According to U.S. Bureau of Labor Statistics from 2018, the health care and social service sectors experienced the highest rates of injuries caused by workplace violence, five times higher than the national average for all workers.
Even short of that extreme, the special pleading circumvents what are often mandated protocols under state health codes designed to ensure fairness, professionalism and uniform standards of care.
“I have worked at several institutions of different sizes, treating adults and children,” said Michelle Lucero, chief administrative officer and general counsel at Children’s Hospital Colorado, “and I know from personal experience this issue has been a growing problem for years.
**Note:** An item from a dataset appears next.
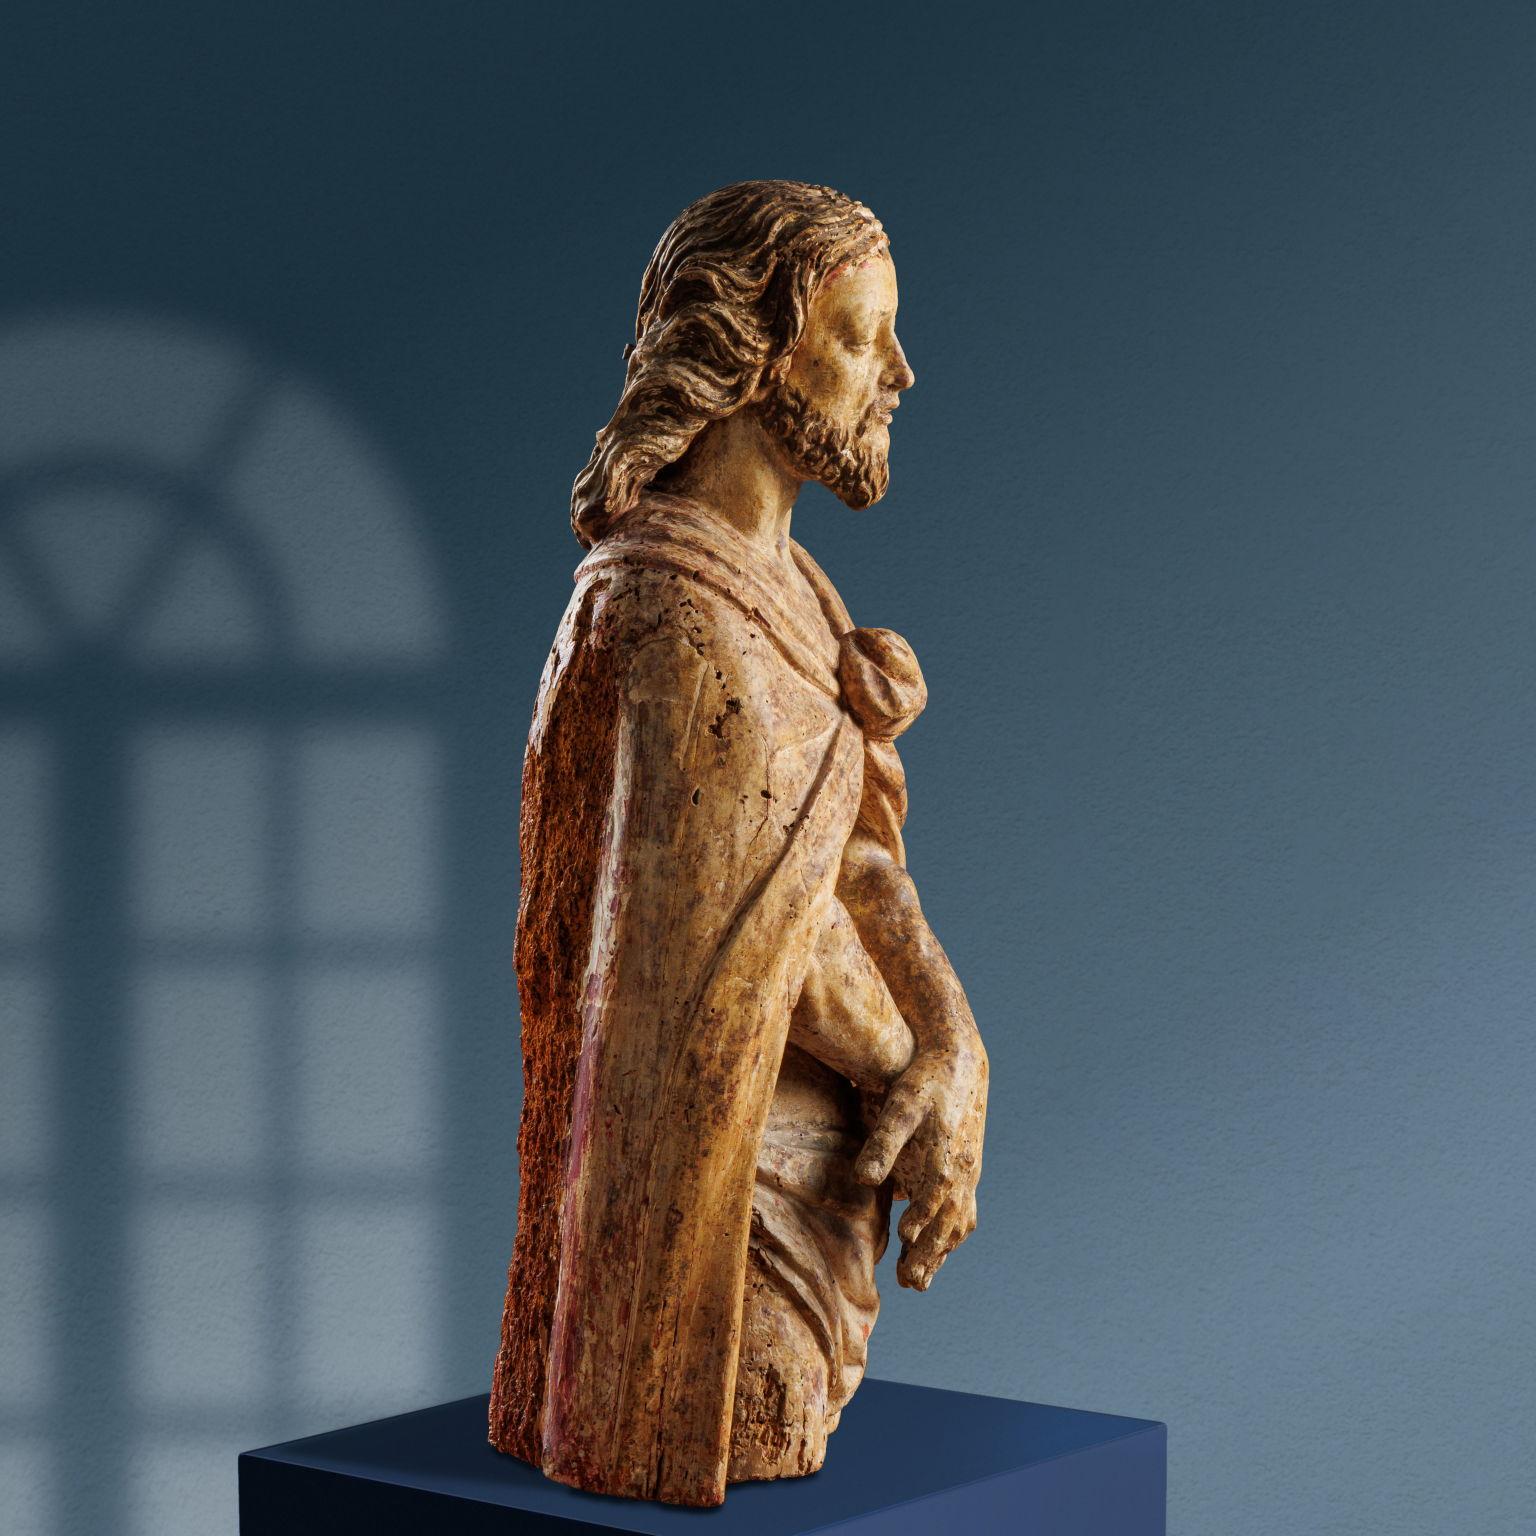 Wooden sculpture depicting Ecce Homo. Christ, whose figure is cut off at thigh level, is standing, arms crossed at waist level. Long ringlets frame a face with a pointed beard, a half-open mouth, and a low stare in an attitude of resignation. He

Executives have come to me, because they have been contacted and don’t know what to do.
“Bryan saw this need, this gap, and the regulatory and reputational risks behind it,” Lucero continued. “He is both innovative and collaborative. He came and spoke to me about his ideas and then worked in wider circles to get buy-in to the program.”
Director for the department of risk management at Children’s Hospital of Colorado Bryan Storey’s innovation and collaboration resulted in a clear policy and protocol for complaints and grievances.
It was designed so that patients would feel heard and their concerns would be taken seriously.
Further, it was designed so that medical and administrative staff can protect themselves and their institution from end-runs by patients without patience.
“Bryan’s real achievement was the synthesis,” said Lucero. “His program takes into account patients, regulatory issues, reputational issues and staff. He checked with our insurance providers and our network people.”
Storey has an undergraduate degree in biology as well as master’s degrees in public health and in health care administration.
“I’m not an attorney or a clinician,” he said plainly. “I have to get a lot of input to get the program developed, presented and accepted. Our executives loved the idea, but it was still complicated to work out the details. When I started, I checked with some colleagues, and no one said there is anything out there along these lines.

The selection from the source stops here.